*** Entries supplied ***

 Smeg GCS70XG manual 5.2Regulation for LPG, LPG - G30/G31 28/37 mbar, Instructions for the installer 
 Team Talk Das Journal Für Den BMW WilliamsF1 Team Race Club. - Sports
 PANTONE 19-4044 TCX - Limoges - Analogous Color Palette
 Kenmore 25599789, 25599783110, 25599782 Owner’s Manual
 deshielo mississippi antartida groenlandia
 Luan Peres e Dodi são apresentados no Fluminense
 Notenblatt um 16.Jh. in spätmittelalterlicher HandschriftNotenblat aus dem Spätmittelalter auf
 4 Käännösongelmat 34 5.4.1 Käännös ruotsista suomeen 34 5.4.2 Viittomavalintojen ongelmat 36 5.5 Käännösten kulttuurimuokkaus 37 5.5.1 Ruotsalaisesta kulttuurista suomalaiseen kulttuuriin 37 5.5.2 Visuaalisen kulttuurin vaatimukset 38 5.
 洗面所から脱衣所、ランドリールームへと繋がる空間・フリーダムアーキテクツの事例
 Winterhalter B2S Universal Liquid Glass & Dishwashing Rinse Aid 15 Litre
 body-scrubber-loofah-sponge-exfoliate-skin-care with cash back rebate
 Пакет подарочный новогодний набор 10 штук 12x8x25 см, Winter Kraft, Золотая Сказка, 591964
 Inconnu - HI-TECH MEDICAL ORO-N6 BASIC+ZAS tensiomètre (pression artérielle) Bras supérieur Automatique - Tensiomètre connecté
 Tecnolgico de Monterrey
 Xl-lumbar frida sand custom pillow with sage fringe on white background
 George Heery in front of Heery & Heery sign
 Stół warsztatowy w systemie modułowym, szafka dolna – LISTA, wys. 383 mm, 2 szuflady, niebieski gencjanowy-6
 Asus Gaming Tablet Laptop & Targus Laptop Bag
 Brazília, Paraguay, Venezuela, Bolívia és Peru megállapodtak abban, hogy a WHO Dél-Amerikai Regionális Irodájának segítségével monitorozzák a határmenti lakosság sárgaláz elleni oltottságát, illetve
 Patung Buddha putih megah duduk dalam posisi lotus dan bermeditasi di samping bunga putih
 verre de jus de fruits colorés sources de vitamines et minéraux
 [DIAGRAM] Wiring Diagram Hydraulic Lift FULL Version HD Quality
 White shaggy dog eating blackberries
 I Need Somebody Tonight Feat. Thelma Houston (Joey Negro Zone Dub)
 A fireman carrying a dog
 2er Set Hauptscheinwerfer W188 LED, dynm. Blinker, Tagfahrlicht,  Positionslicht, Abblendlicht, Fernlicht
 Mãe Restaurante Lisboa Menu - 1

*** End of Entries supplied ***

> Activity
Scanning the data above, copy out every line where "with" is found.

> Written response
 body-scrubber-loofah-sponge-exfoliate-skin-care with cash back rebate
 Xl-lumbar frida sand custom pillow with sage fringe on white background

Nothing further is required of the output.